▶ _INFORMATION SHOWN_:
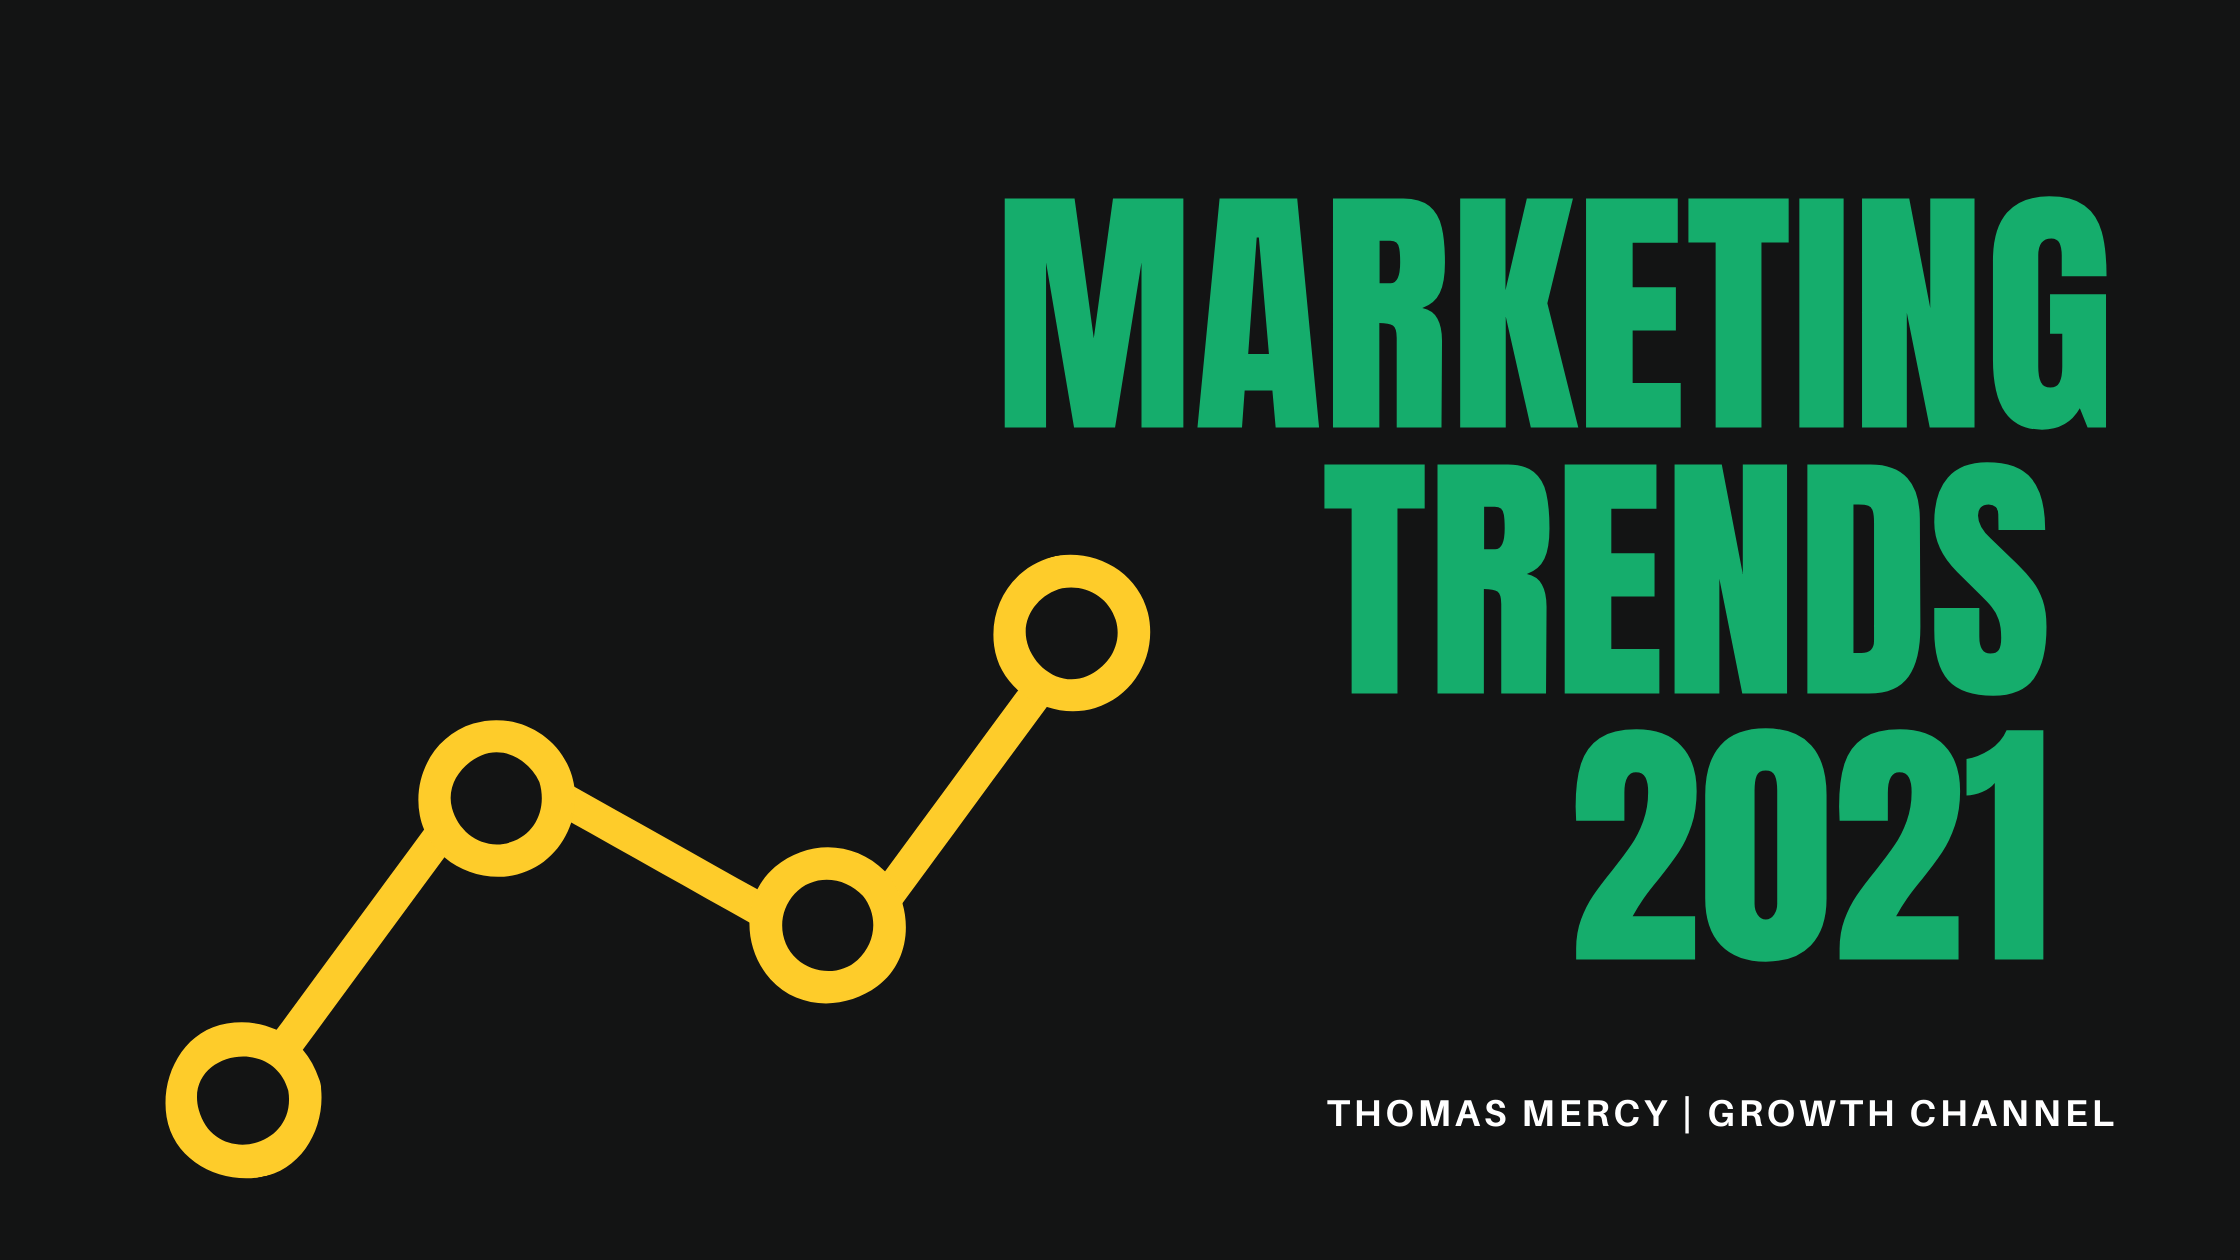 Are You Ready for 2021? Top 13 Marketing Trends To Drive Your 2021 Strategy
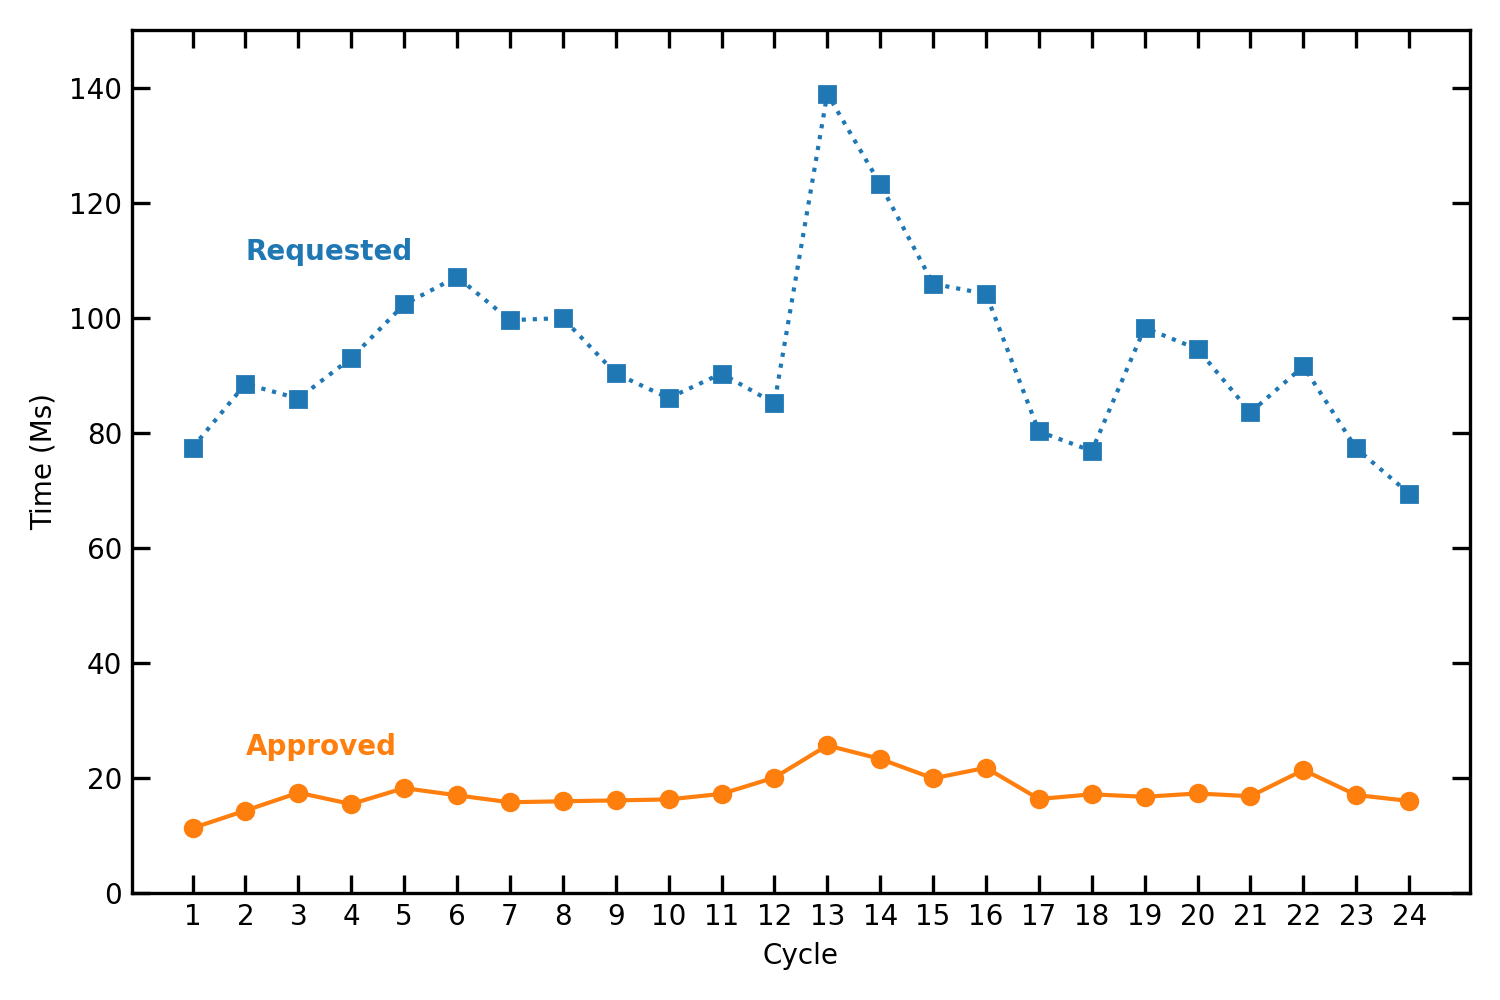 A line plot showing two data trends. The X-Axis shows Chandra Proposal Cycle, from 1 to 24. TheY-Axis is labeled Time, in units of Megaseconds, and stretches from 0 to just over 140. There are two colored data sets; these are labeled “Requested” in blue and “Approved” in orange. Aside from a spike to 140 Ms in Cycles 13 and 14, the requested line stays roughly between 80 and 100 Ms over the entire span. The approved line is fairly consistent over the entire Figure, other than a brief rise in the first few cycles and a slight bump in Cycles 13 and 14, hovering around 20 Ms throughout.
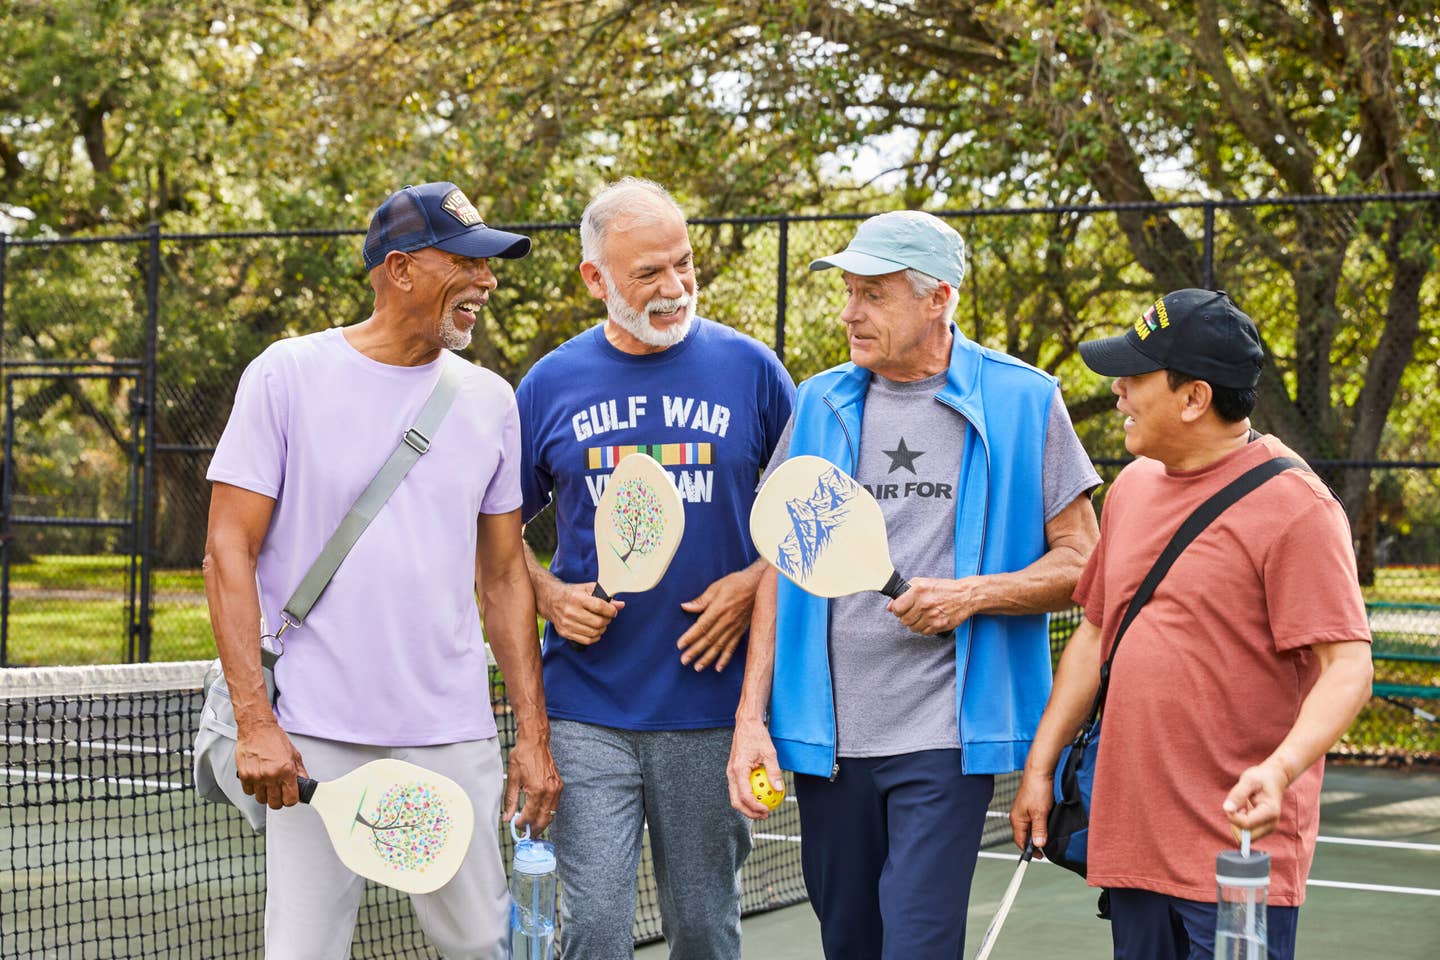 Active veterans playing pickleball and laughing.
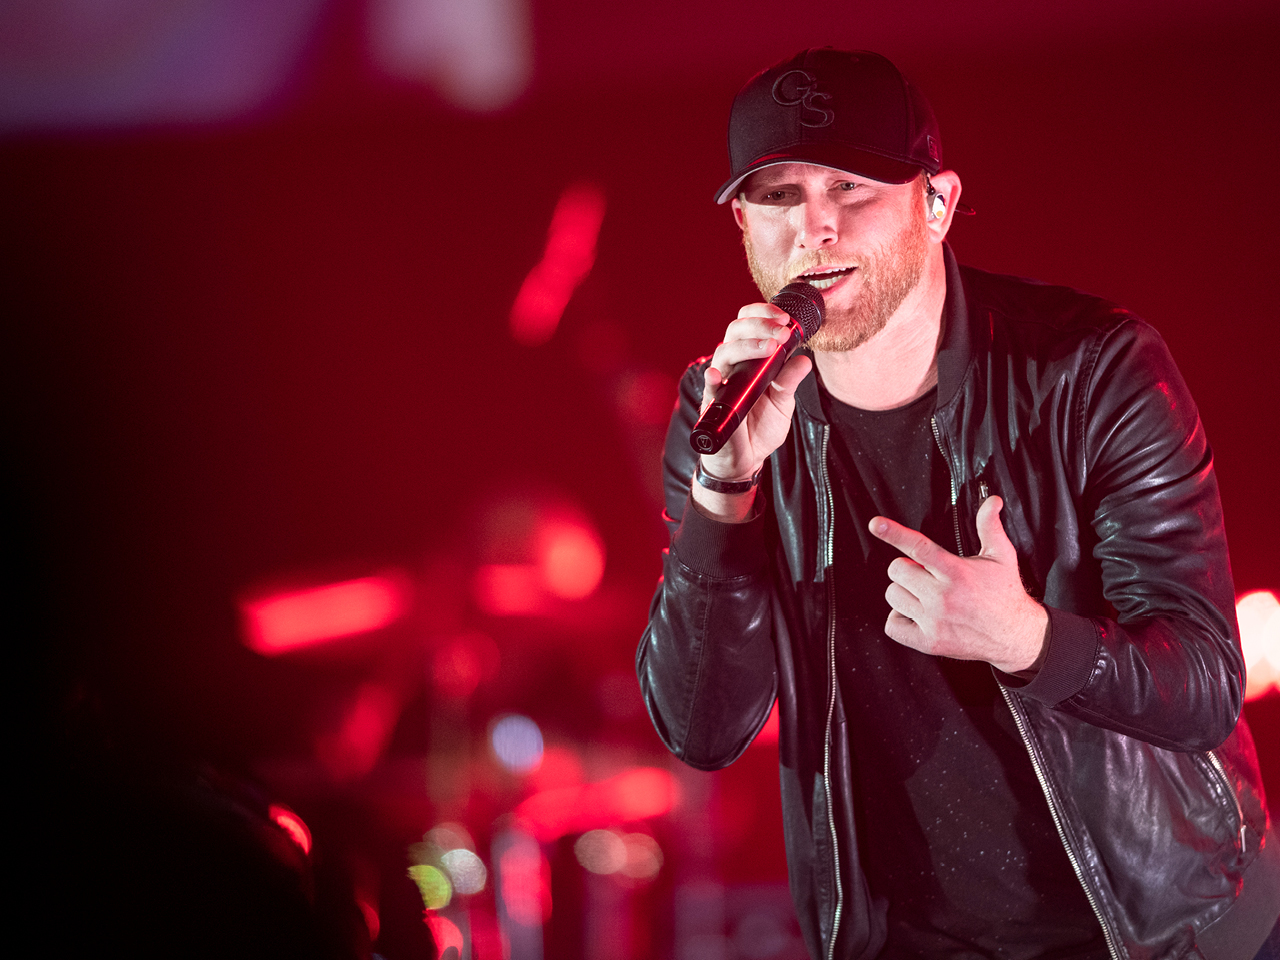 Platinum-selling country music singer-songwriter Cole Swindell is scheduled to perform private concerts for Diamond Resorts members in 2020.

▶ _WORK TO COMPLETE_: Copy the data above word for word. Pictures stay out.

▶ _RESPONSE TO THIS TASK_:
 Are You Ready for 2021? Top 13 Marketing Trends To Drive Your 2021 Strategy
 A line plot showing two data trends. The X-Axis shows Chandra Proposal Cycle, from 1 to 24. TheY-Axis is labeled Time, in units of Megaseconds, and stretches from 0 to just over 140. There are two colored data sets; these are labeled “Requested” in blue and “Approved” in orange. Aside from a spike to 140 Ms in Cycles 13 and 14, the requested line stays roughly between 80 and 100 Ms over the entire span. The approved line is fairly consistent over the entire Figure, other than a brief rise in the first few cycles and a slight bump in Cycles 13 and 14, hovering around 20 Ms throughout.
 Active veterans playing pickleball and laughing.
 Platinum-selling country music singer-songwriter Cole Swindell is scheduled to perform private concerts for Diamond Resorts members in 2020.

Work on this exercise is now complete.